The New Brunswick maple syrup industry has grown dramatically in the last 15 years, even registering export growth during the pandemic.
New Brunswick Maple Association Executive Director Louise Poitras says industry sales have increased from $3-million in 2006 to a current estimate of $33-million. Exports grew by 20 percent in the last year alone.
Poitras said the province currently produces and exports 7.5 million pounds of maple syrup per year with 67 percent of the province’s maple syrup going to the United States.
“In 2015, when the government allocated another 4,400 hectares of Crown land to producers, taking it up to roughly 14,500 hectares in the province, it gave a big push to the industry,” she said, adding that a lot of money also went into installing state-of-the-art equipment.
The association is asking for another 12,000 hectares of Crown land for maple syrup production as part of further growth plans.
The number of maple syrup producers, small and large, in New Brunswick has jumped to 250 with the association growing from 15 to 150 members over the past 15 years.
Poitras credits the increase in maple sugaries – large producers who tap, collect and package maple syrup by the barrel and sell them in bulk – to the industry’s jump in revenues.
“If you want to build an industry, you can’t just make a small number of bottles every year – you can’t grow an industry [that way],” she said.
The brief six-week tree-tapping season has a long-tail economic impact on the province with its production, bolstered using green technology.
“Overall, we hire about 2,500 people, and that’s included part-time and full-time,” she said. “Now syrup is not in buckets, it’s held in tubes. Everything is vacuumed in their station – we can even pinpoint if there’s a leak somewhere with a computer, it’s very high tech.”
Poitras says every syrup in New Brunswick has a unique flavour because each is made differently, whether made in bulk or from a family tradition.
“Some of them boil it longer, some of them use wood, some of them use electricity, or use different evaporators,” she said.

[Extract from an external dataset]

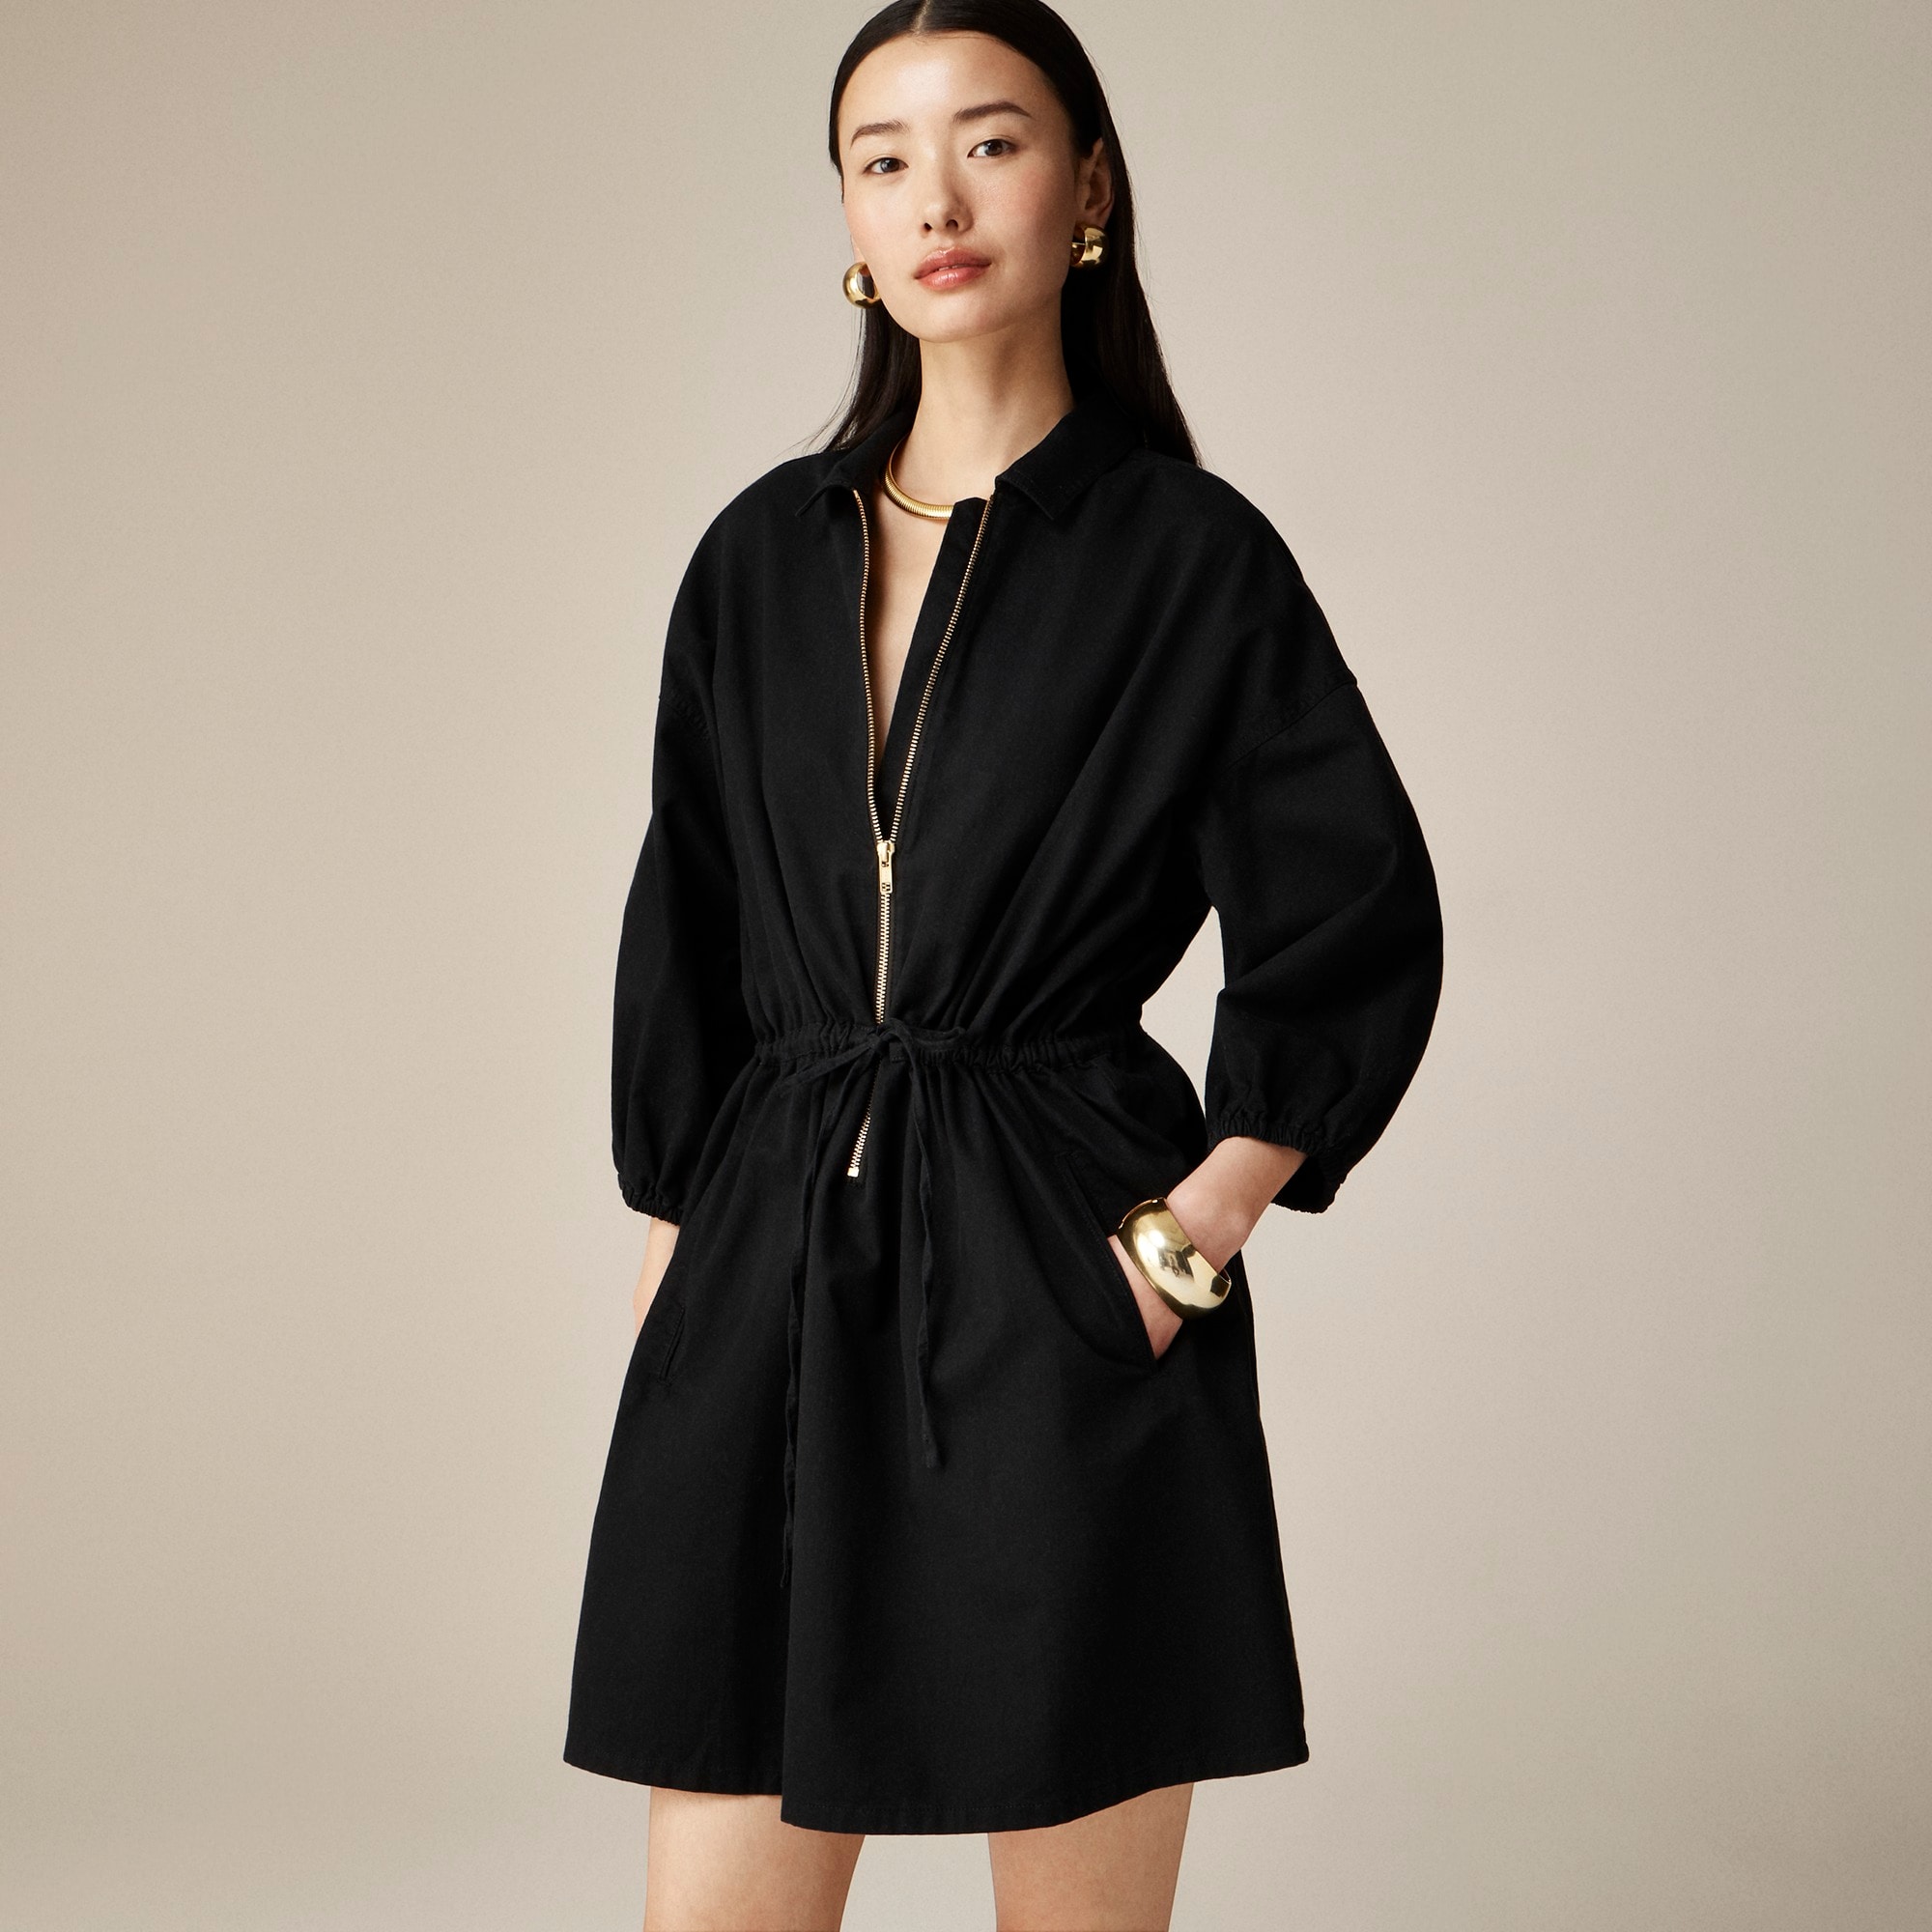  Cinched zip-up dress in drapey cotton

The province’s producers also do not mix their syrups together, which would dilute the authenticity of the syrup, in contrast to the Federation of Quebec Maple Syrup Producers.
Next to Quebec, New Brunswick is the second-largest producer of maple syrup in Canada and the fourth-largest producer in the world, with 70 per cent of its syrup produced up north.
The New Brunswick Maple Association launched Mapleicious NB, a festival celebrating and promoting the province’s maple industry, in 2017, building off the popularity of maple shacks where people can buy and consume transformed maple products, from candy to breakfasts.
“They’ve grown in popularity, and it is a tradition that we want to continue here in New Brunswick,” she said. In a normal year, the maple shack Sucrerie de Chaisson serves over 13,000 maple syrup breakfasts during the maple season.
The festival is held every year from mid-March to the end of April.
Poitras and the association partnered with Agriculture New Brunswick and Tourism New Brunswick to launch Mapleicious NB, with restaurants across the province participating with maple syrup dishes and creating maple trails and education about the industry.
The festival continued to innovate during Covid-19 by investing in social media, recruiting maple syrup influencers who highlighted maple festivities, producers and recipes on their platforms.
“We have great support from our community buying from their local producer – when the buzzword became ‘local,’ we thought, ‘well, we’re local, let’s leverage on that,’” she said. “So we started talking about local, buying local, buying your local maple syrup – the more you’re asking for it, the more it’s going to come into your store.”